比方說公車會在路軌上行駛、電車會因為信號燈而停下;日間會昏暗出現月亮、晚間會光亮出現太陽;果檔會賣魚、魚檔會賣菜、菜檔會賣肉;辣椒是酸的、檸檬是鹹的、苦瓜是甜的、芭菲是辣的——這樣亂七八糟的世界根本不會存在。我大概從很久以前就已經領悟到這個道理了吧。

*

粉色的天空。明明身處室內,花香都總會透過空氣傳進鼻內。窗外是不同顏色花瓣飄落的景色。明明顏色各有不同,卻不會覺得眼花撩亂——更像是繽紛的花瓣在空中交織並輕輕起舞般令我目不暇給。果然春天是花開的季節呢——每次身處這裏,我都會不禁發出這種在我本來身處的世界不會發出的感概。

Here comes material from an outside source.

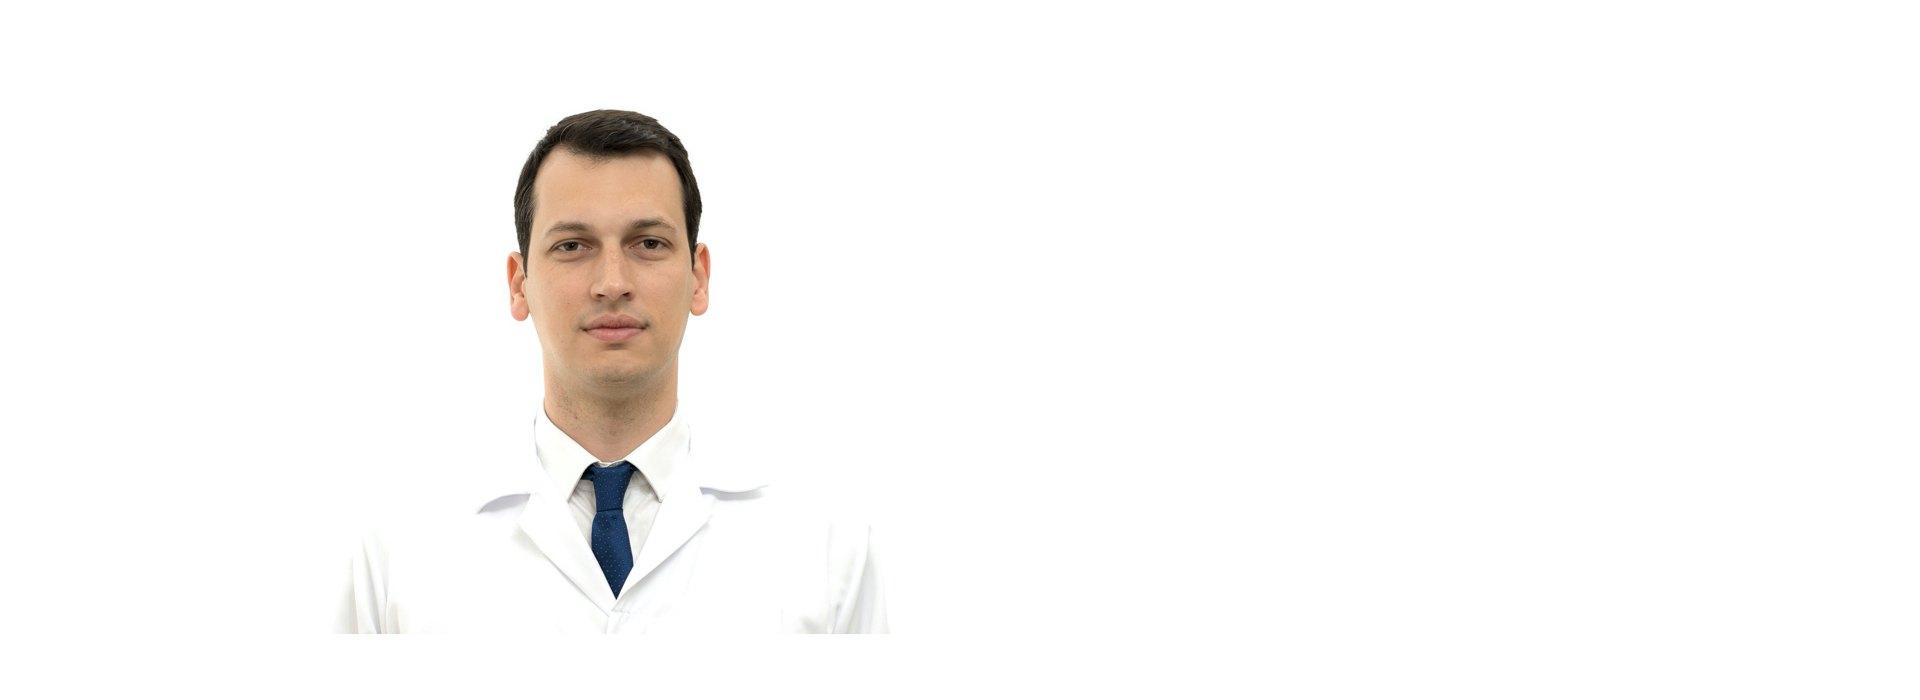 Dr. Tobias Torres - Otorrinolaringologista - Cirurgia do Ouvido
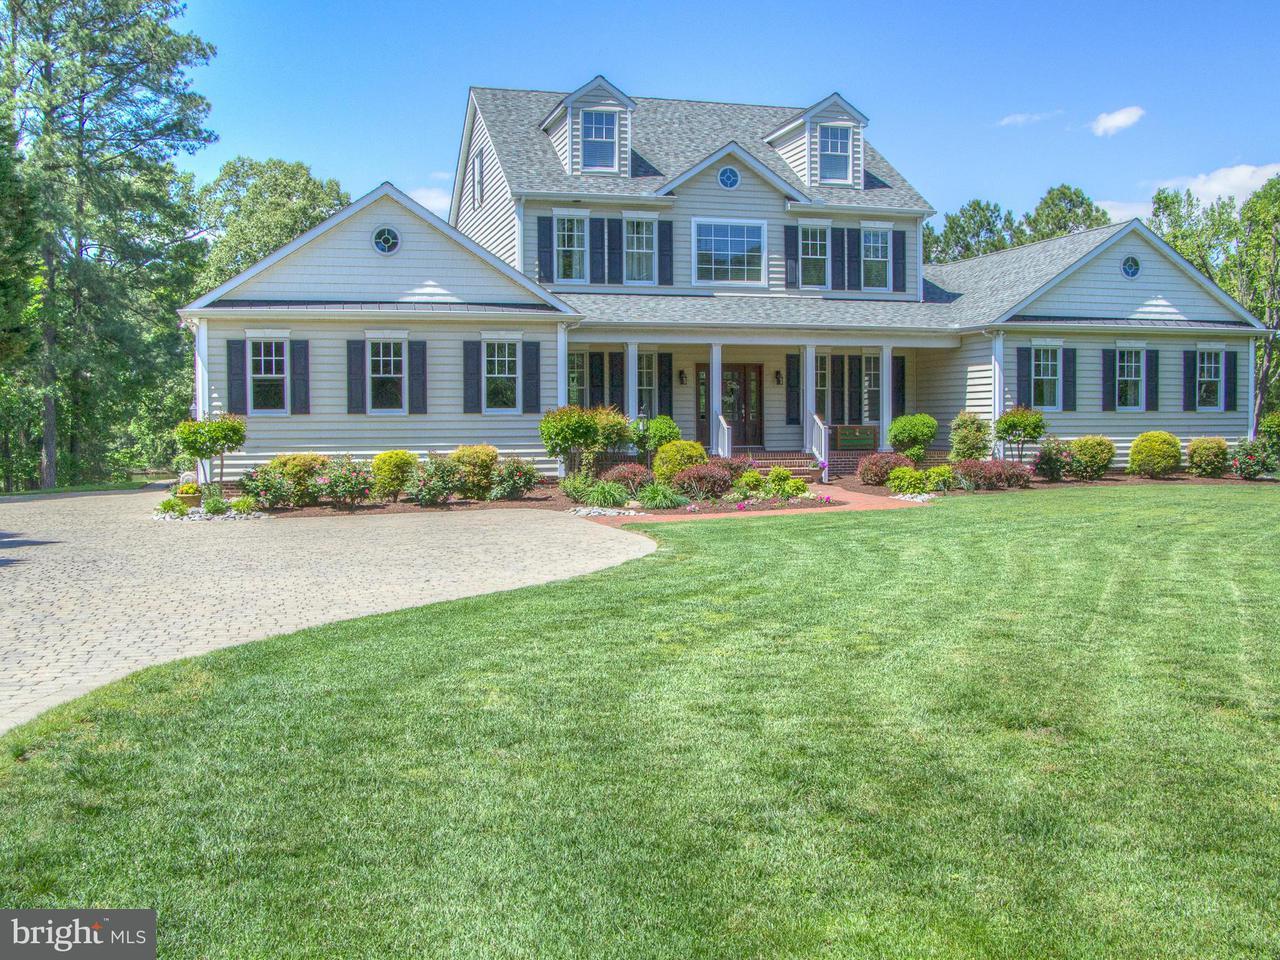 Maison unifamiliale pour l Vente à 28182 Oaklands Road 28182 Oaklands Road Easton, Maryland 21601 États-Unis

明明春暖花開是一件很平常的事,我卻把這當作曇花一現的場景般總愛把視線投放在窗外的風景上。

「吃飯了,小晃。」





呼喚我的是一把如流水般清澈的女聲——但所喊的卻並不是我的名字。

明明已經不是第一次被這位女生以這個陌生的名字喊我了,我卻總是無法習慣。畢竟就像是我在強行佔據着別人的意識一樣讓人生厭。

話雖如此,我很喜歡這把聲音。這把聲音有股令人心神安寧的神奇力量。就像能把我的一切壓抑都拋諸腦後般使我的心靈能得以放鬆——我每次身處這個世界,都在期待着這把聲音。

視線投放到房內的擺設。

光線明亮的房間,甚至帶點刺眼。直接看向燈泡的話會傷到眼球吧,所以我沒有把視線移向燈泡。房內的書架放滿着各國語言、歷史,及各種有關神秘學的書,乍看之下顯得深奧。





沒有平常覆蓋掉大半視野的厚瀏海垂落在眼前,視野不像平常那般狹窄。頭髮好像被弄上去了,額頭久違地被偶爾的涼風吹拂,有種像裸起肚子吹風的冰涼感。胸部沒有平常那般的重量、身體整體肌肉比平常壯健寬闊。胯下好像有某股額外——或者應該說是「附帶的」重量——鼓起了般突兀而不太舒服。

目下是吃飯用的小餐桌,二人一般都是簡單坐在坐墊上吃的。桌面只有數束紫藤花放在花瓶中作裝飾。雖然沒什麼華麗感,但對二人來說這樣就已經足夠了。整體來說就是一個僅屬於二人的小窩居的感覺吧。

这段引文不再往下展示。